Tuesday, March 17, 2026

Mar 18 Wed - Why is the Amen at the end of the Eucharistic Prayer?

 

Mar 18 Wed
Why is the Amen at the end of the Eucharistic Prayer?

The Eucharistic Prayer ends with the Final Doxology. It is a song of praise to God that began from the Preface. The priest takes the chalice and the paten with the host and, lifting them, sings or says,

Through him, and with him, and in him,
O God, almighty Father,
in the unity of the Holy Spirit,
all glory and honor is yours, for ever and ever.

Through him: Through Jesus’ mediation, we have access to God. “No one can come to the Father except through me.” The Father hears us favorably, forgives us, and loves us.

With him: We are children of God, through the adoption Christ merited for us, and, as a consequence, we are made his co-heirs. “Without me, you can do nothing,” He says. With him, our lives will glorify God on the earth. On the altar, Jesus unites us to his perfect obedience. He wants us, throughout the whole day, to be with him in work and in prayer; He wants us to be his companions, in penance and in apostolate.

In him: There is the same life in him and in us. “He who eats my flesh and drinks my blood lives in me, and I live in him,” Christ says.

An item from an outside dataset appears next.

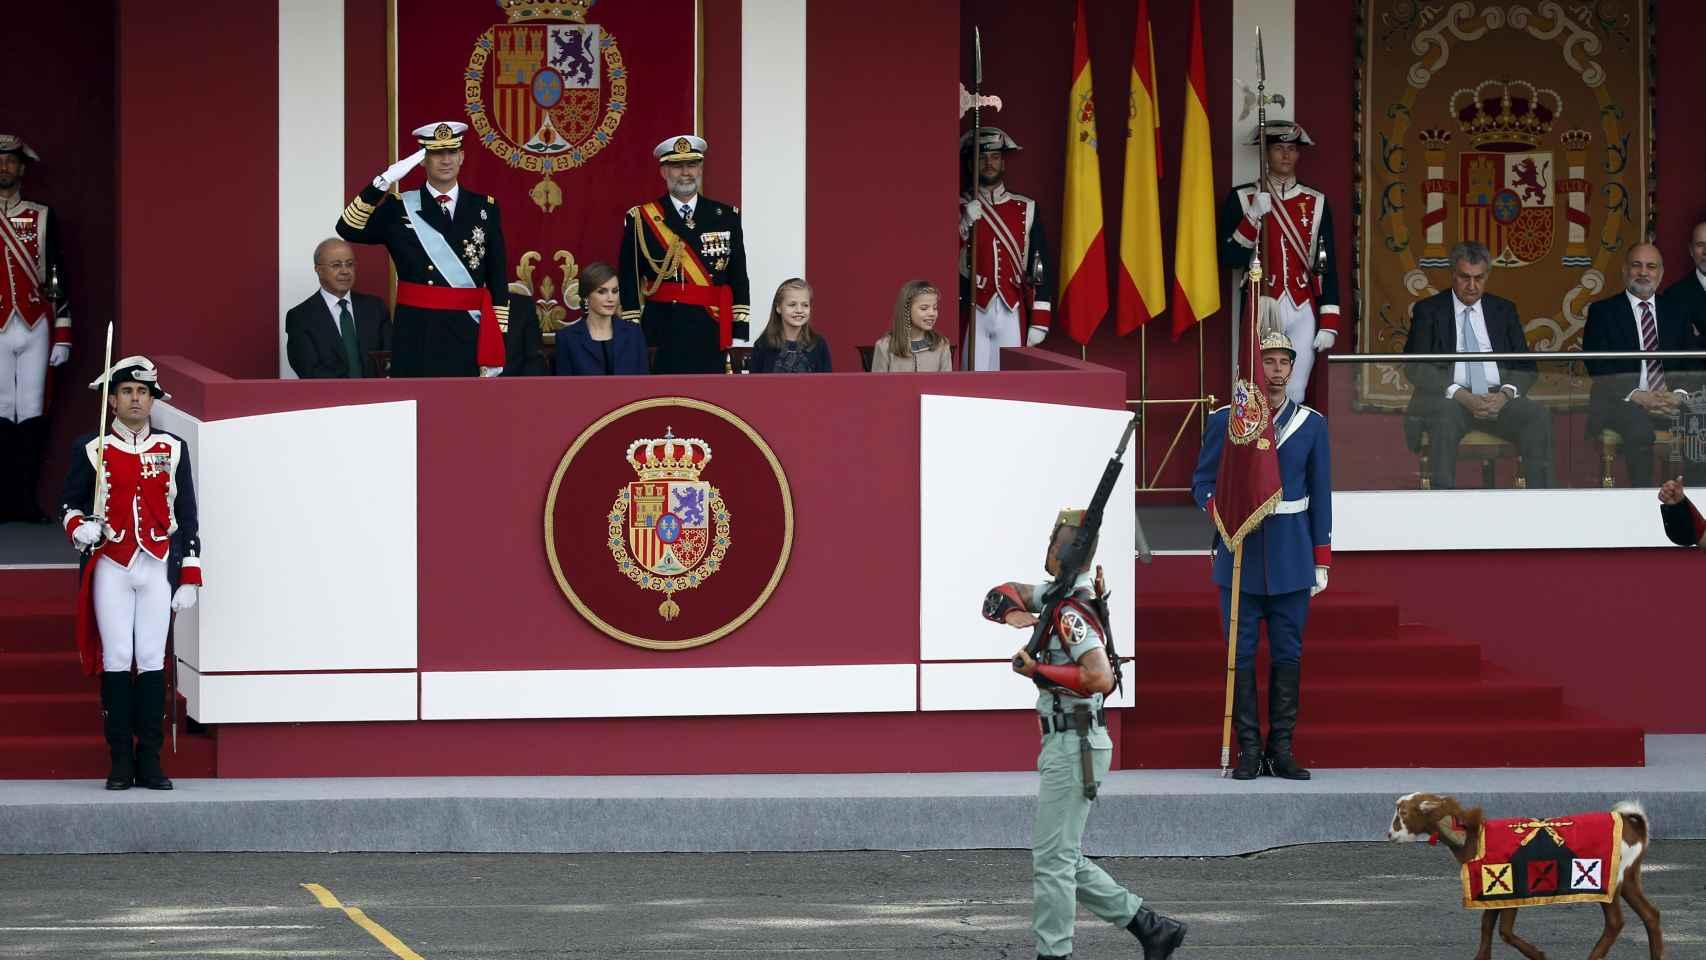 Pablo, la cabra de la Legión, desfile ante la familia real.

So, his life flows out into ours; from the Head to us as members of his Mystical Body. Our nothingness, our sins, our miseries are, as it were, absorbed by Christ, and they disappear in his infinite perfection. In him, too, we love our brothers and devote ourselves to their service.

In the unity of the Holy Spirit: The Church is a unity brought together by the Holy Spirit. He joins us together as believers and gives us the life of grace by which we become children of God. He dwells in us, enabling us to offer the sacrifice of praise to God, together with the entire Church. 

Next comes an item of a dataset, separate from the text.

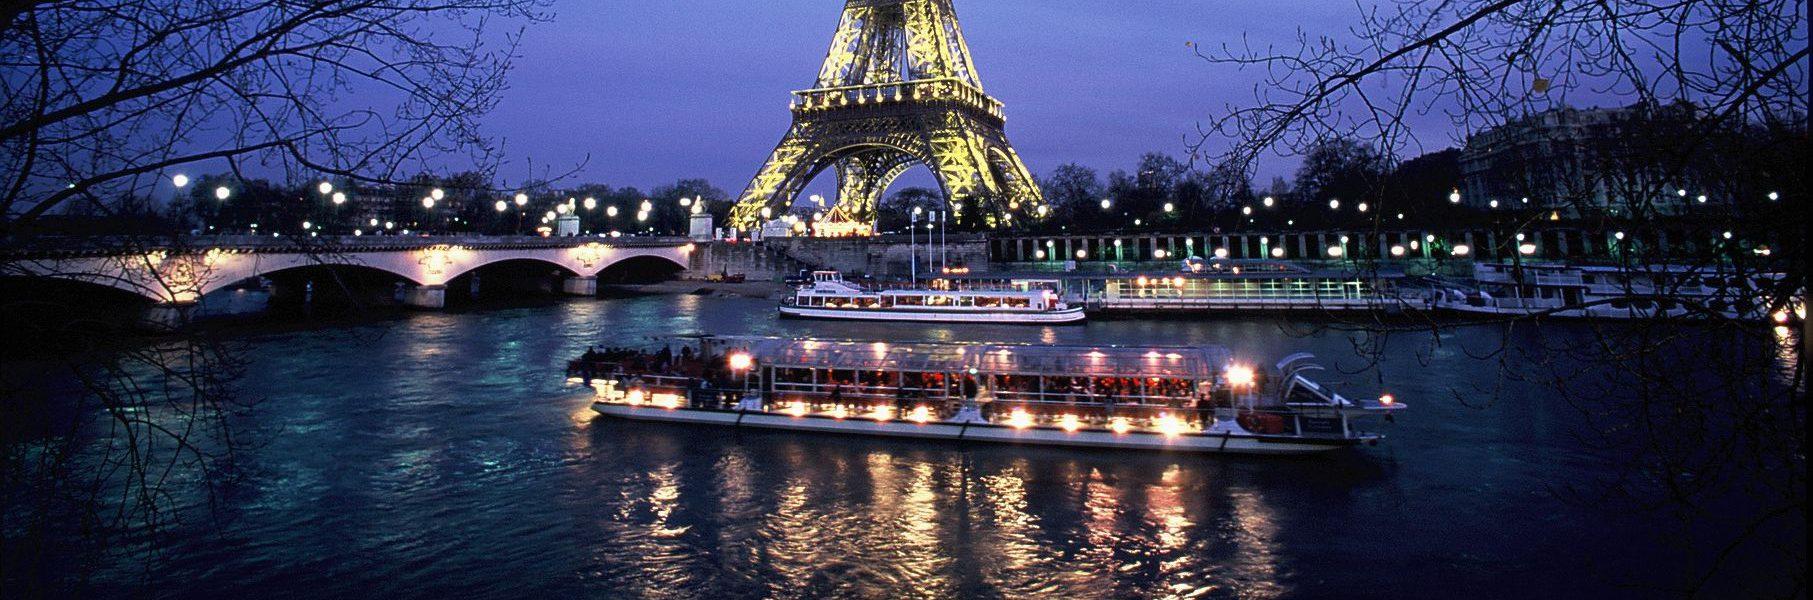 dinner cruise at bateaux parisiens dbp paris webservices. Black Bedroom Furniture Sets. Home Design Ideas

The people’s acclamation Amen is an assent and a conclusion. Our offering, which is Christ’s offering on the cross, calls for a unanimous and enthusiastic Amen.

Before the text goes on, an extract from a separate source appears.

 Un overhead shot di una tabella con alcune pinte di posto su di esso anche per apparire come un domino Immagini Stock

Already in the third century, the Christian people were granted these privileges: “To hear the Eucharistic Prayer, to acclaim the final Amen, to go to the sacred table, to receive the divine Bread.”
Yet the assembly does not remain passive: it unites itself to the priest in faith and silence and assents in the various interventions in the Eucharistic Prayer.

Let us sing or say the Great Amen with all our hearts united to all our brethren. Let it resound the whole world over, as the Amen of our early brothers in the faith “resounded in heaven, as a celestial thunderclap in the Roman basilicas,” they said.

This is the most important Amen in the Mass. It is for us both a resolution and a prayer. It is a resolution upon which our love for God blooms; a prayer based on the future hope of resurrection.

As the priest holds the paten and chalice, let us remember that Mary also held her Son’s body after the crucifixion. Together with our Mother, Mother of the Church, we unite ourselves to the offering of the Church.